## TASK TO CARRY OUT
Your task is to give the listing below back word for word, pictures excluded.

=== RECORDED INFORMATION ===

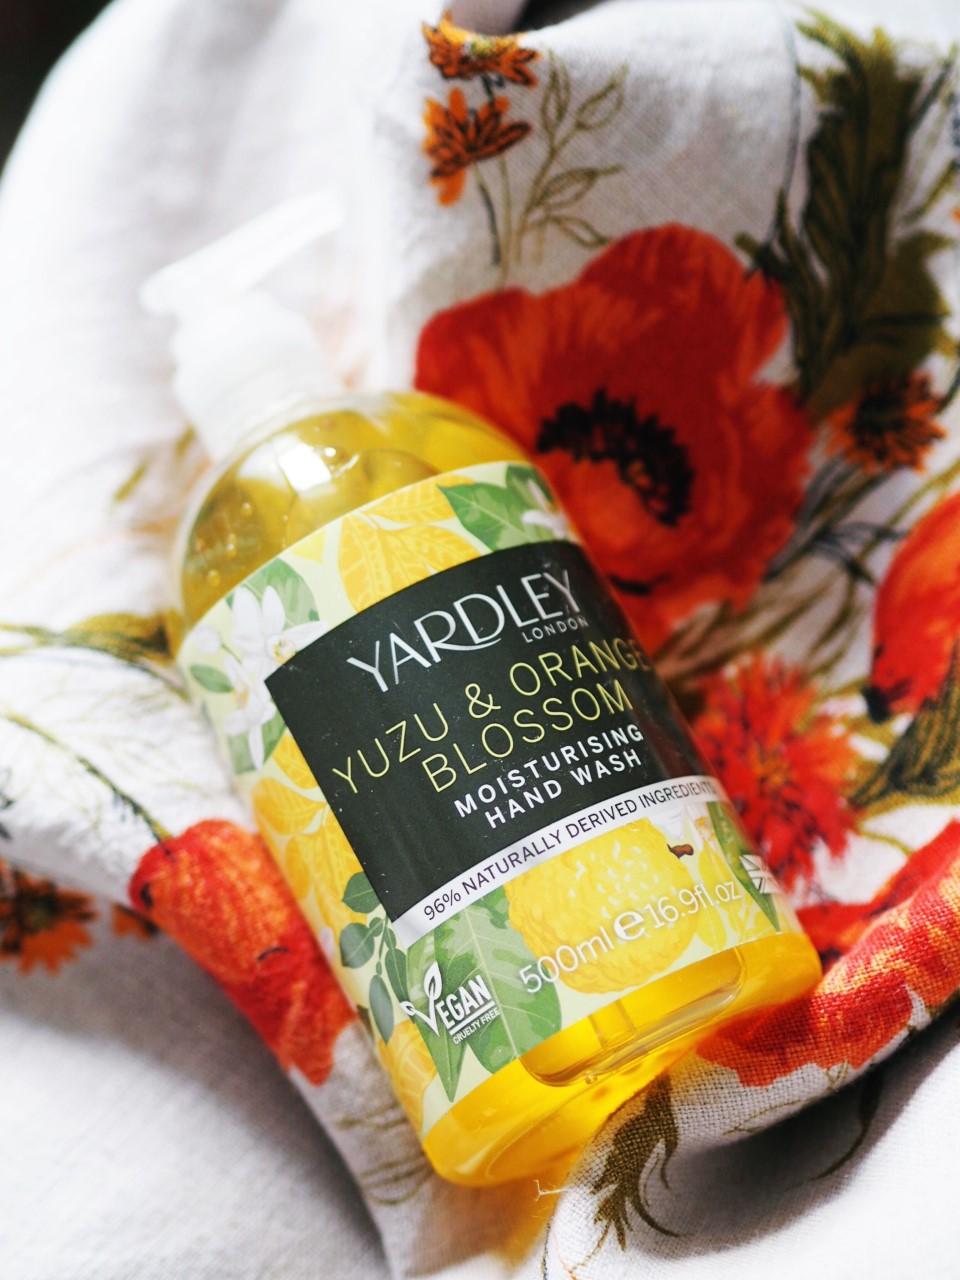 Yardley Hand Wash
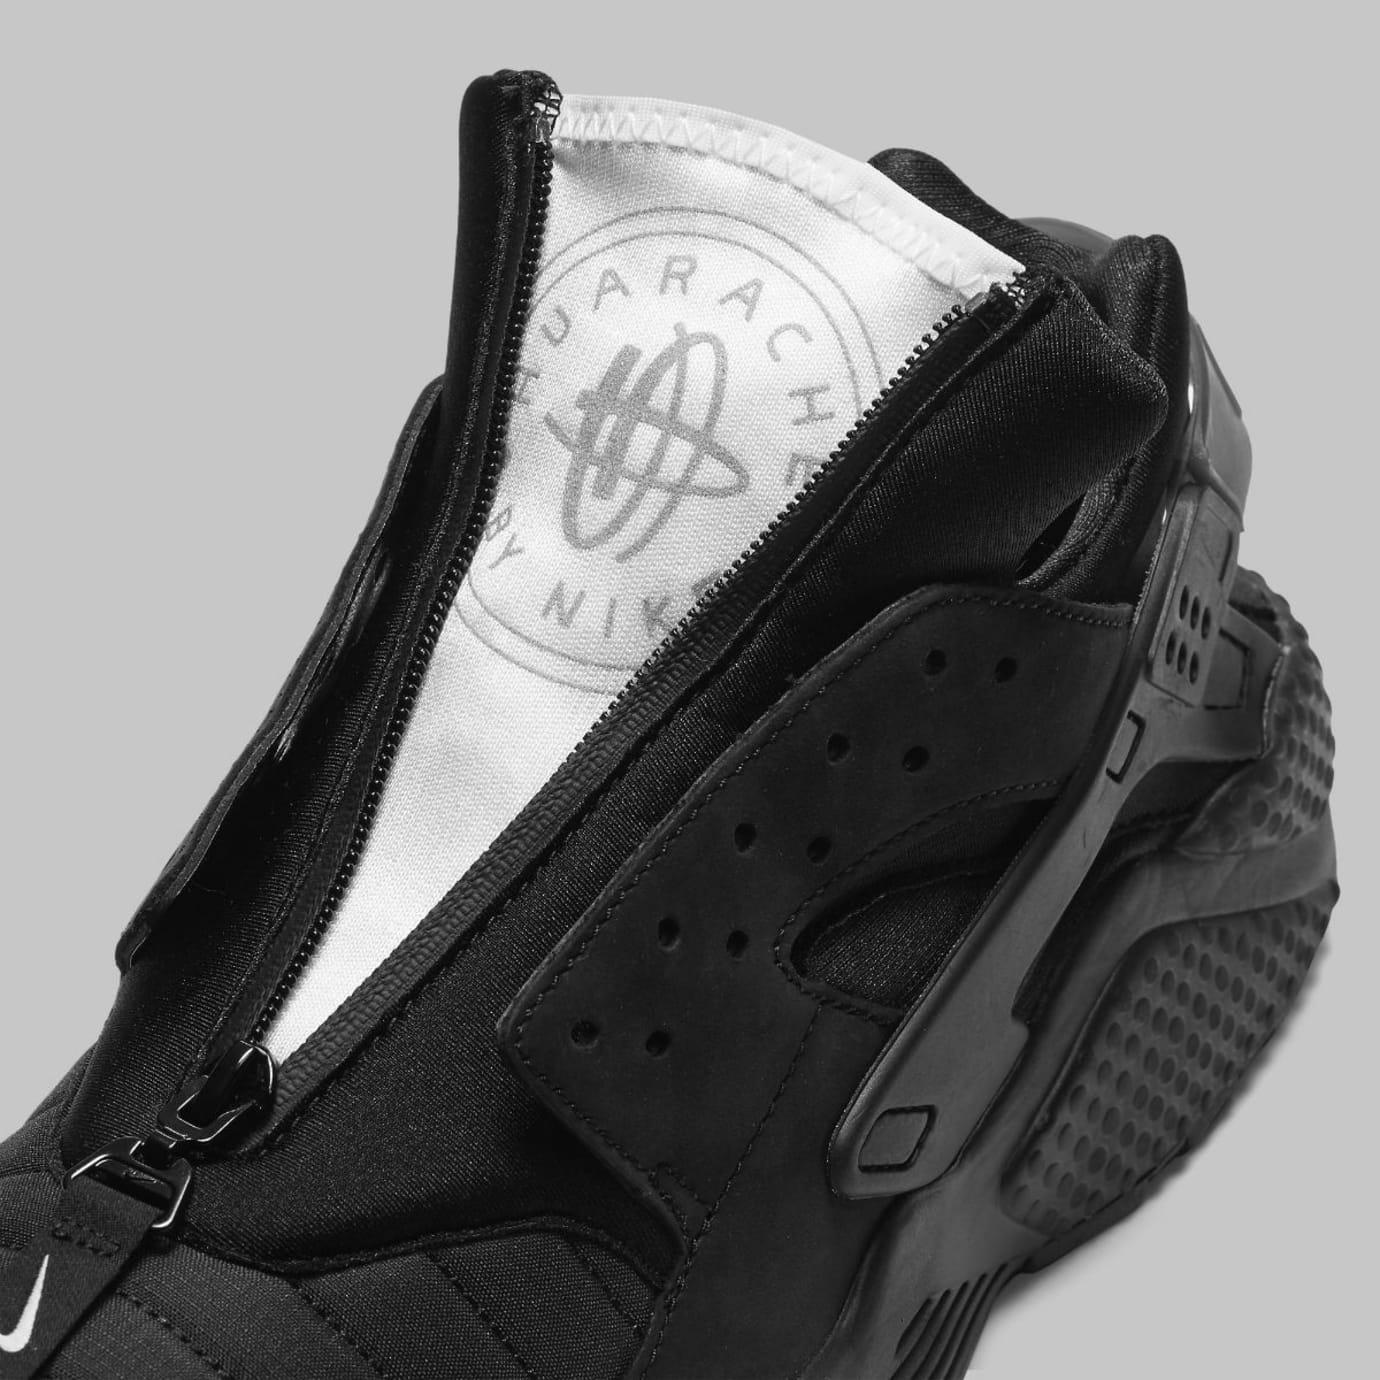 Nike Air Huarache Run NYC Triple Black Release Date AJ5578-001 Tongue b6148ca26
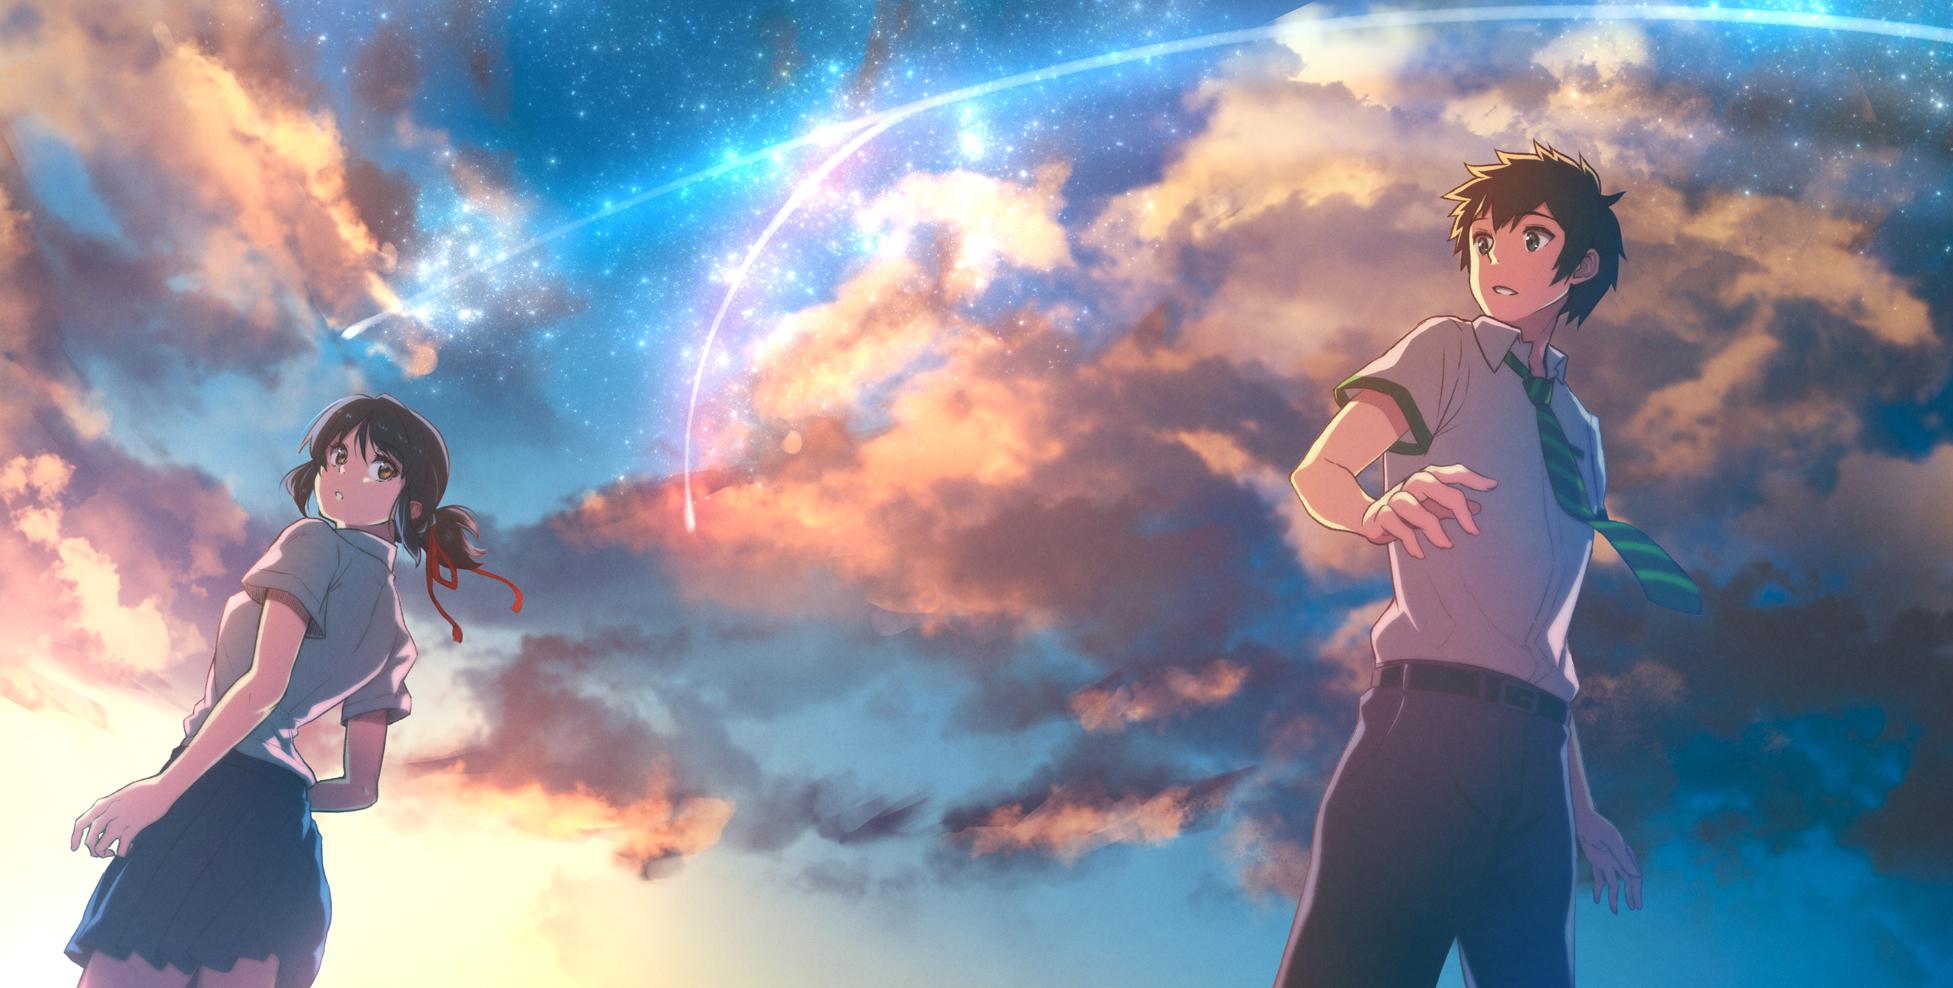 Download Kimi No Na Wa - Your Name Wallpaper 1080p , HD Wallpaper & Backgrounds

===

## EXERCISE RESPONSE
 Yardley Hand Wash
 Nike Air Huarache Run NYC Triple Black Release Date AJ5578-001 Tongue b6148ca26
 Download Kimi No Na Wa - Your Name Wallpaper 1080p , HD Wallpaper & Backgrounds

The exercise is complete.